Michelle and I were by her side the whole time, taking turns to read and talk to her. We also spent time in the waiting room along with the other parents. We all had our moments in there but I think we all felt like we were together. Although we had very mixed feelings seeing parents come and go over time, it gave me great strength and reassurance to know that what the PICU staff were doing was actually working.
We were soon given the news that Amelia had been diagnosed with Group B Streptococcus, a rare form of bacterial meningitis that usually affects newborn babies and often leads to the worst of outcomes. I said that Amelia was undoubtedly in the best possible place and I just knew she was going to get better at that moment. Virtually from then Amelia’s condition improved and it was clear that she was going to survive. Soon she was taken off the ventilator and brought out of sedation, and we’ve never been so happy to hear her cry! Being able to hold, feed, even change her nappy allowed us to feel like parents again.
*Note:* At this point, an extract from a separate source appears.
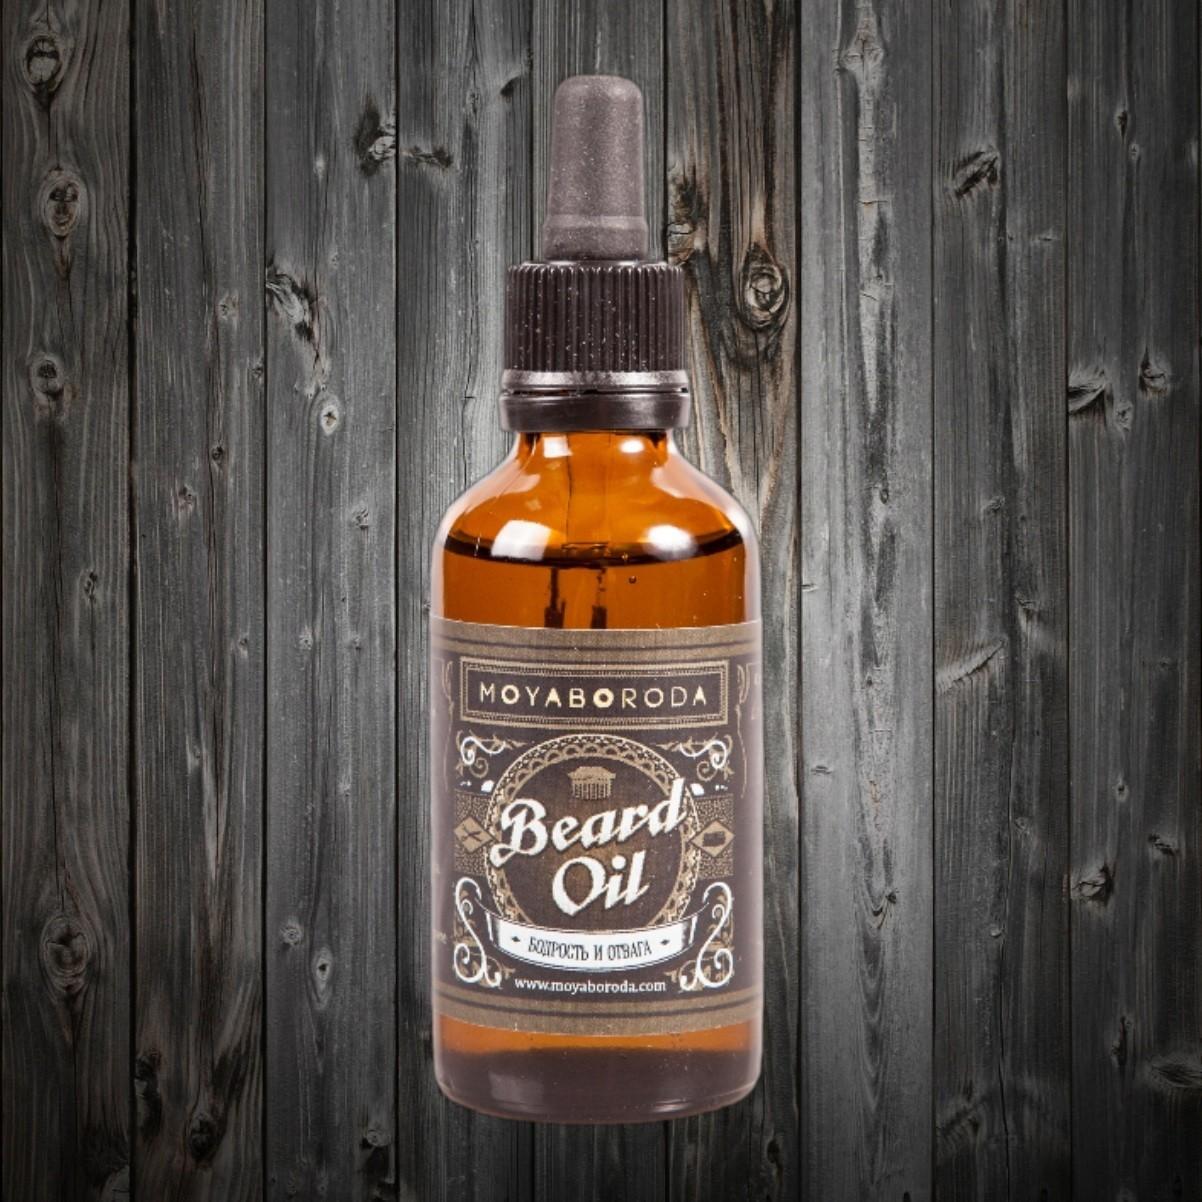 Moyaboroda Масло для бороды «Бодрость и отвага» (Beard Oil «Cheerfulness and courage») 50 ml

Over the next weeks Amelia’s progress astounded doctors, and soon she was able to go back to King George’s Hospital. Her MRI scans showed damage to Amelia’s brain, indicating she would have ‘problems’ in the days to years ahead. But now 3 years later Amelia is a very happy and cheeky normal little girl. She’s extremely bright and thus far has shown no after effects as a result of her ordeal. She’s a shining example of the fantastic work that all the staff at St Mary’s and COSMIC do every single day of the year and she’s just one of many, many similar success stories. We will always be in their debt and cannot thank them enough for saving her life.
The level of care that Amelia received right from the start at King George’s, during the transfer with the CATS team, whilst at St. Mary’s and the several outpatient appointments in the two years following her ordeal was nothing short of incredible. Every day that Amelia spent on the PICU, COSMIC took care of Michelle and me. They provided hotel rooms every night and were always around to give us support when we needed it. Without them, the most difficult times of our lives would’ve been so much harder as we wouldn’t have been able to be near our baby girl whilst she battled to stay alive. Words can’t express the level of gratitude we feel and long may COSMIC continue to provide this vital service to parents who find themselves in such devastating situations.
John went on to cycle London to Paris with Team COSMIC in 2012, and will be taking on the London Marathon 2014 for COSMIC! His family are also regular COSMIC Walkers and help us whenever they can!